Frequency domain

In the frequency domain, the problems of bandwidth equalization and phase matching are orthogonal, since they are concerned with the amplitude and argument of a complex signal.

The steps I applied to equalize the bandwidth were: Fourier transform the training windows, S₁ and S₂, on the time-axis, and calculate their spectra, $\hat{S}_1$ and $\hat{S}_2$, where

$$\hat{S}_i(\omega) = \sum_{\bf x} \left\vert S_i(\omega,{\bf x})\right\vert^2$$ (1)

I then designed the desired spectrum of the output, $A(\omega)$, by simply taking the minimum of the two spectra at each frequency.

$$A(\omega) = min\left(\hat{S}_1(\omega),\hat{S}_2(\omega)\right)$$ (2)

I applied this filter to shape the spectra of the regions of interest

$$S_{i}(\omega,{\bf x}) = S_{i}(\omega,{\bf x})\frac{\sqrt{A(\omega)}} {\left\vert S_{i}(\omega) \right\vert + \epsilon}$$ (3)

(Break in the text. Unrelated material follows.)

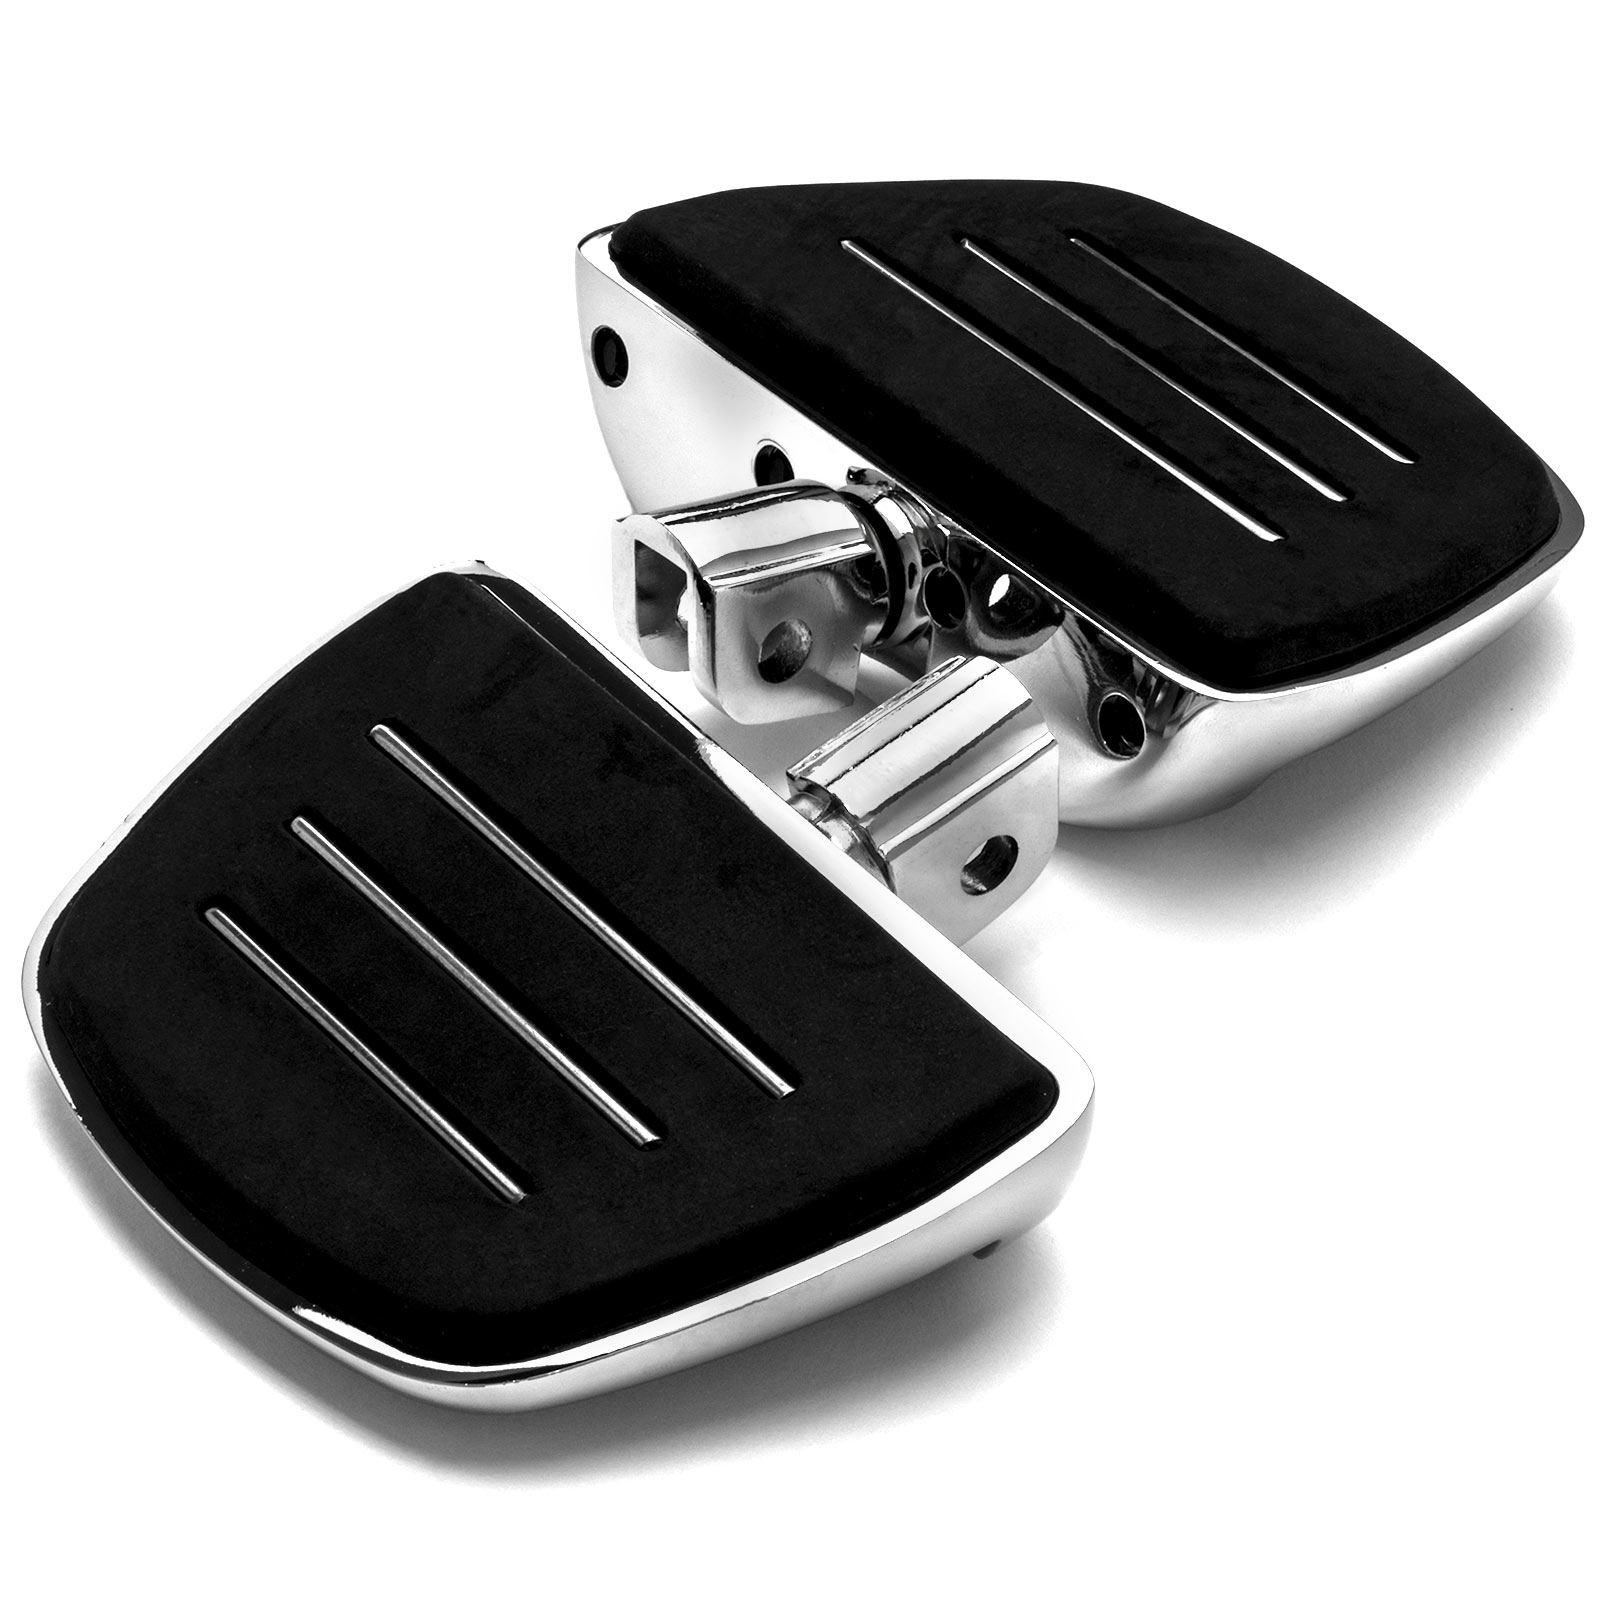 Krator Chrome Mini Board Floorboards Footpegs Compatible with Suzuki M109R 2006-2018 (Front Only)
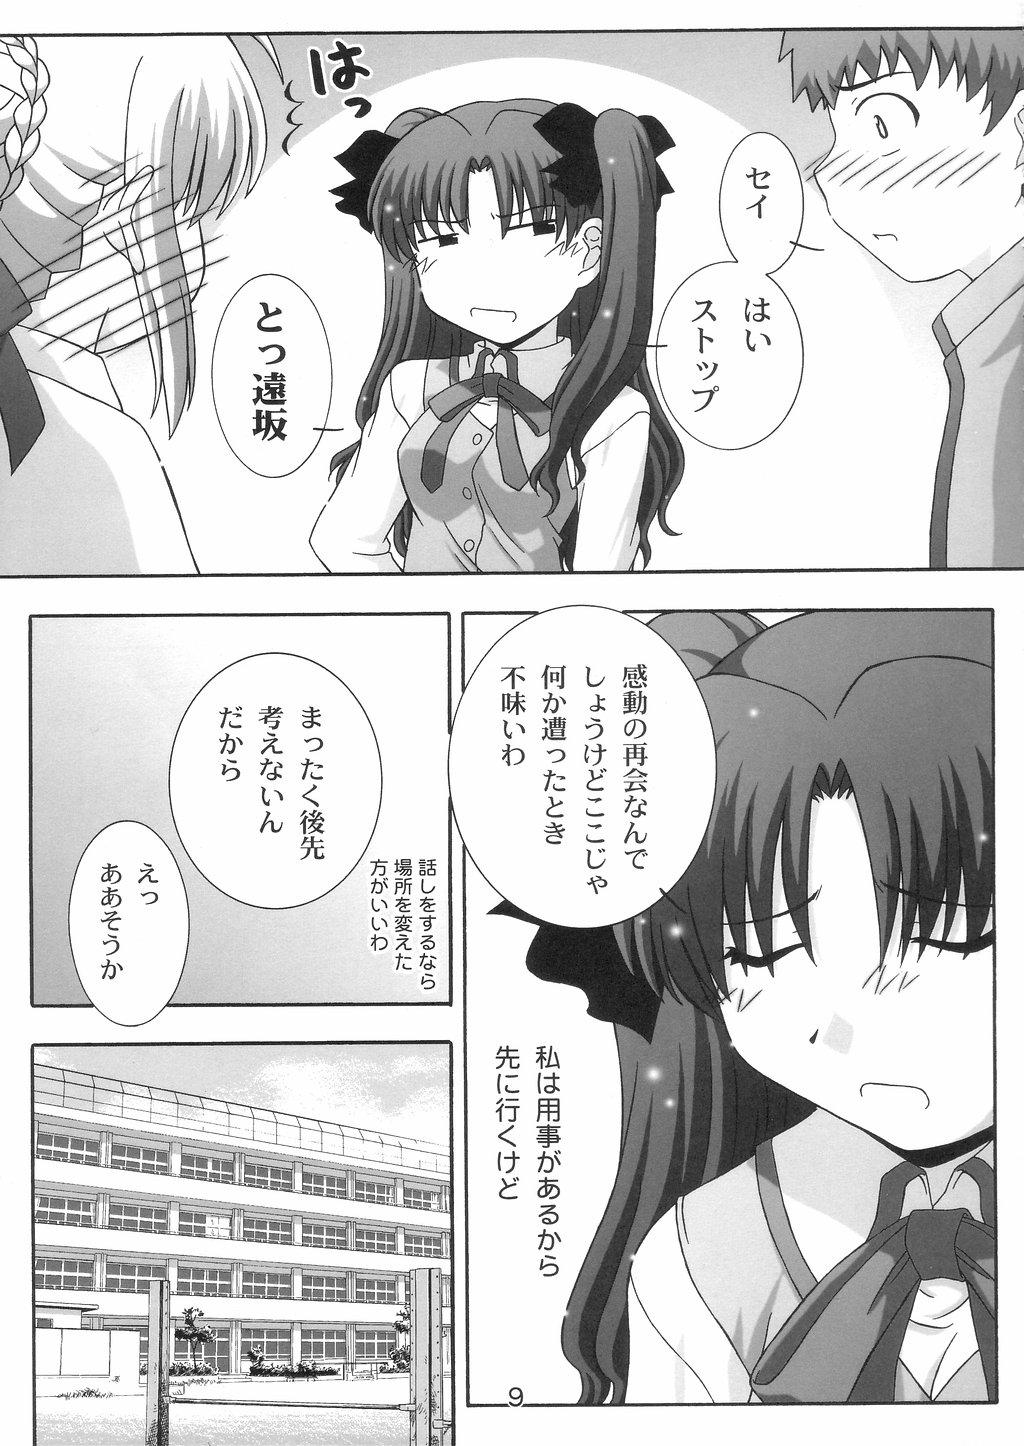 Boys Secret file next 10 - I feel my Fate - Fate stay night Couch - Page 8

The $\epsilon$ in the denominator is purely for the event $S_1(\omega)=S_2(\omega)=0$, since in this formalism $A(\omega) \leq S(\omega)$.

As well as calculating a spectral operator, $A(\omega)$, I calculated the average difference in phase between the training windows for each frequency, $\Theta(\omega)$.

$$\Theta(\omega) = arg\left\{ \sum_{\bf x} S_{1}(\omega,{\bf x... ...ght\} - arg\left\{ \sum_{\bf x} S_{2}(\omega,{\bf x}) \right\}$$ (4)

This was then applied to map S₂ onto S₁

$$S_{2}(\omega,{\bf x}) = S_{2}(\omega,{\bf x}) \; e^{- i \Theta(\omega)}$$ (5)

Although the phase and bandwidth are orthogonal, in this approach it does matter the order in which the corrections are applied. This is due to the fact I calculate the average phase as the phase of the average value, as opposed to the average of the phases. With my approach it is correct to apply the bandwidth correction before the phase correction, although this is unlikely to be very important.

The results of the frequency domain cross-equalization are displayed in Figure 3. The differences due to the fluid movements are clearly visible, and the signal-to-noise level is high.

 

freq
Figure 3 Results of frequency domain cross-equalization. Left is filtered base survey, center is filtered monitor survey and right is the difference. The synthetic fluid layer is clearly visible in the difference section. S/N = 9.14.